A Gem is something you build and then point at a task. Google is now also shipping the other half of that idea: a consumer agent layer that acts across your Google apps on its own, under names like Gemini Spark, Daily Brief and Personal Intelligence. Where a Gem waits to be asked, these are meant to work proactively, summarising your day, surfacing what needs attention, and drafting ahead of you. That is a different design point from the shared team Gem in this lesson, and it brings its own governance questions. We cover that whole category, the assistant you hand a job rather than a question, in The AI coworker.

Example prompts

Instructions for a team meeting-notes GemGemini
You turn Fernway's messy meeting notes into a clean record for the whole team. Always output: (1) a three-sentence overview, (2) a decisions list, (3) an actions table with columns Action, Owner, Due date. Mark any action with no named owner as UNASSIGNED and never guess one. Use only the notes I paste. If a date or owner isn't stated, leave it UNASSIGNED rather than inferring it.

Why this works: A single-job Gem with a fixed output and an explicit 'no owners or dates you can't see' rule gives every colleague identical, scannable notes and refuses to invent the two things people most often fabricate from rough notes.

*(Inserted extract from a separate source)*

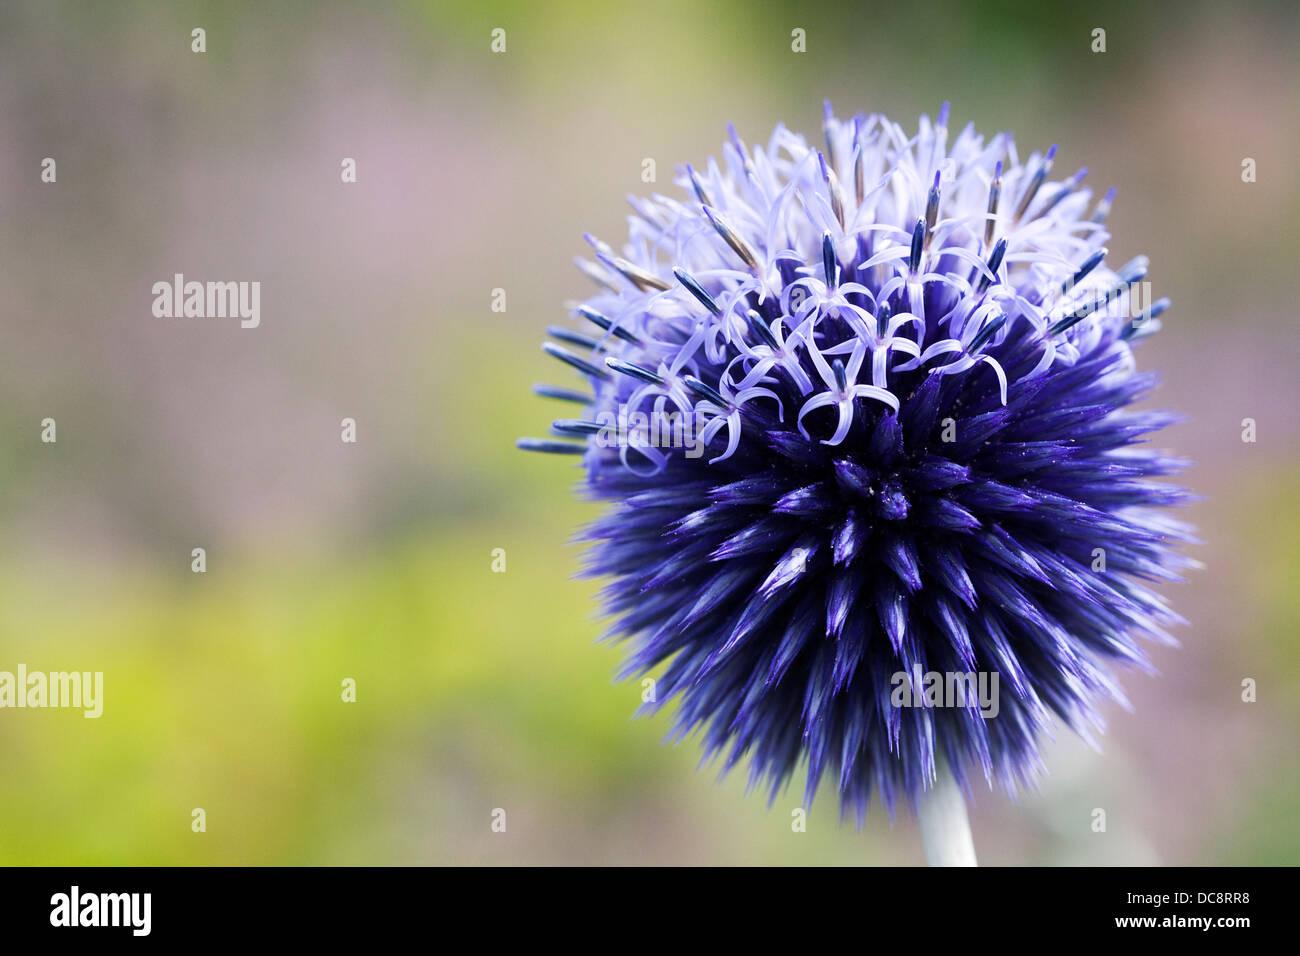 Echinops bannaticus Taplow 'Azul'. Cardo de Globe. Imagen De Stock

A pre-share test checklist promptGemini
Here are the instructions for a Gem my team will share. Act as a sceptical reviewer: list the five most likely ways a colleague could get a wrong, unsafe or inconsistent answer from it, and for each, the one instruction change that would prevent it. Instructions: [paste].

Why this works: Asking the Gem to critique its own instructions surfaces the gaps and contradictions a single author misses, giving you a concrete list to test against before anyone else relies on it.

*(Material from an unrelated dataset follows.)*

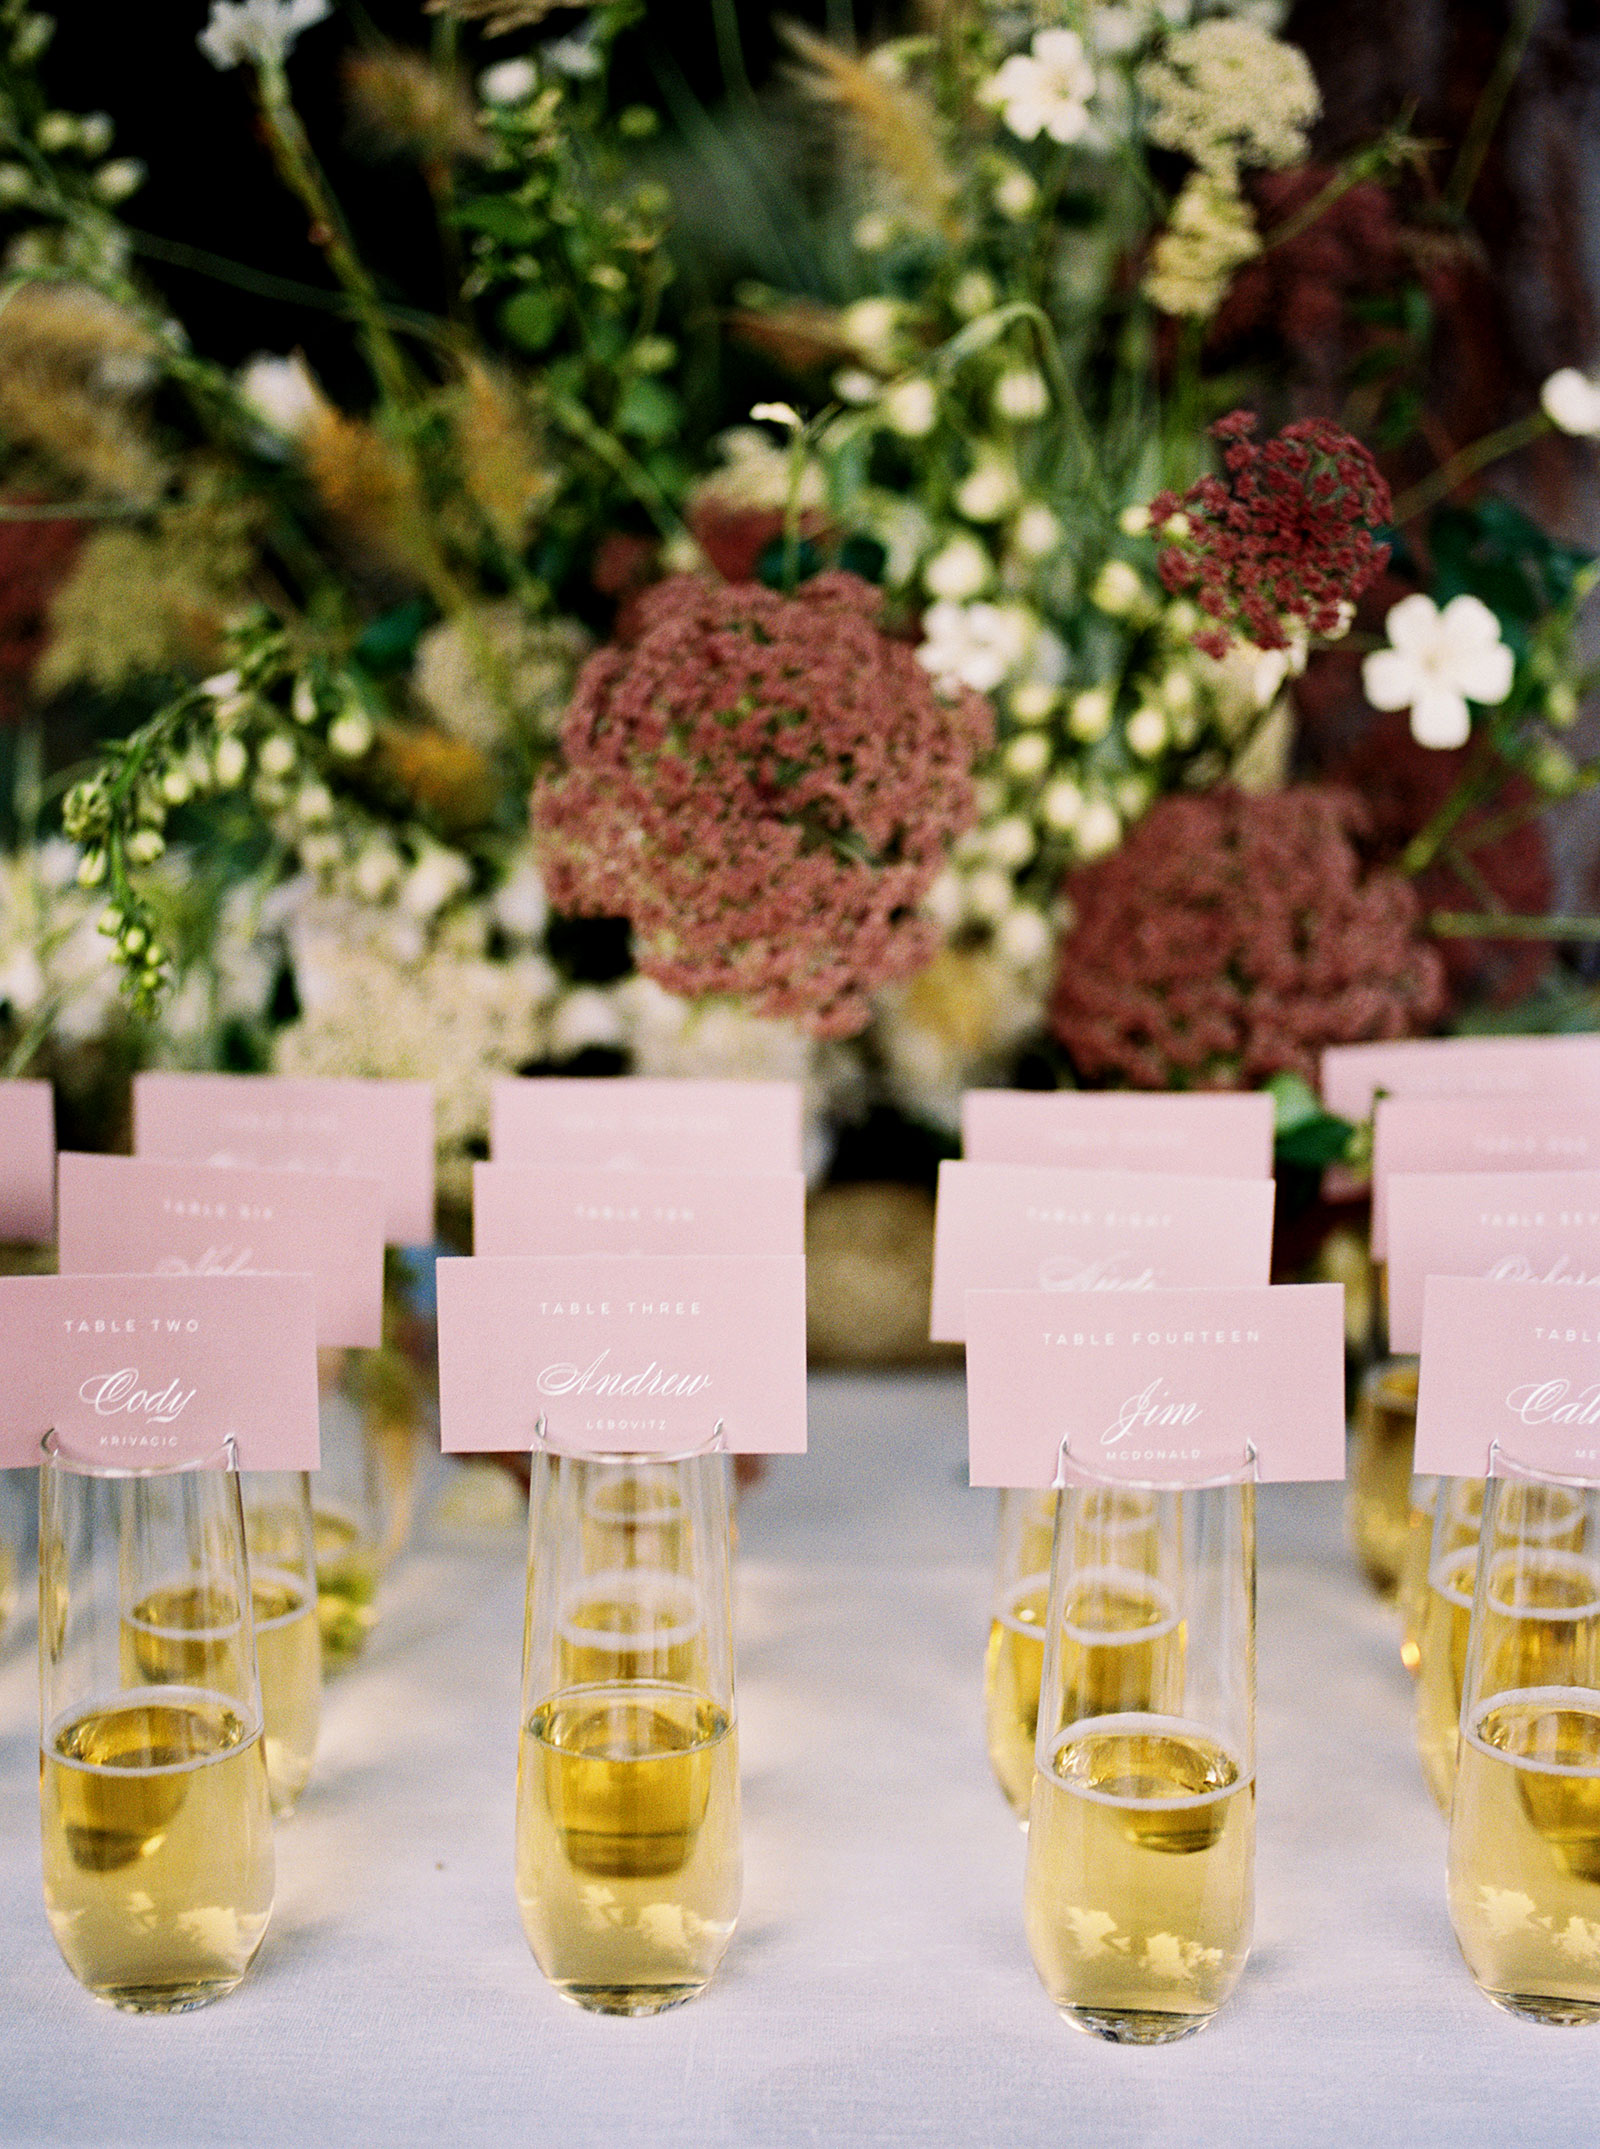 Calistoga-Ranch-Wedding-Cocktail-Table

Adapt a premade Gem into a team versionGemini
I'm adapting the premade writing-editor Gem into a shared Fernway version. Add these rules: British spelling; warm, concise tone; never change any figures, dates or names in what's pasted; and if asked to write something the pasted text doesn't support, flag it rather than inventing. Rewrite the instructions to include all of this.

Why this works: Starting from a proven premade Gem and layering your house rules and limits on top is faster than a blank page and keeps a sensible structure. You add only the Fernway-specific context and guardrails that make it safe to share.

Try it now

Common mistakes

  • Designing for yourself, not the team. Instructions that work because you fill the gaps break when a colleague gives three words of context. Assume minimal input and write the Gem to ask or refuse rather than guess.
  • A hopeful pile of knowledge files. More files isn't more accurate. A stale policy or last quarter's figures in the set produces confident wrong answers. Curate to the current, necessary few.
  • Skipping the break-it tests. A Gem that passes the questions you designed for tells you nothing about the ones you didn't. If you haven't tried to make it misbehave, you don't know its failure mode, and neither will your colleagues.
  • Trusting an anchored Gem because it's anchored. Answering from your files isn't the same as reading them correctly. It can still misread a table or split a mistyped region like "Sotuh" from "South". Keep asking for the source file and spot-check load-bearing answers, exactly as you would any Gemini reply.
  • Sharing then forgetting. A team Gem drifts out of date as policies and templates change. Anchor to living Drive files and re-run a couple of tests each quarter, or the shared tool slowly becomes a shared liability.

Keeping current

Gems, their sharing options and the knowledge-file limits all change as Google develops them, as do the newer proactive features like Spark, Daily Brief and Personal Intelligence and where they are available. When your screen differs from this lesson, trust it and check Google's official pages: Use Gems in Gemini Apps, Tips for creating custom Gems and Use Gems with Gemini in Google Drive. Accurate as of 14 July 2026.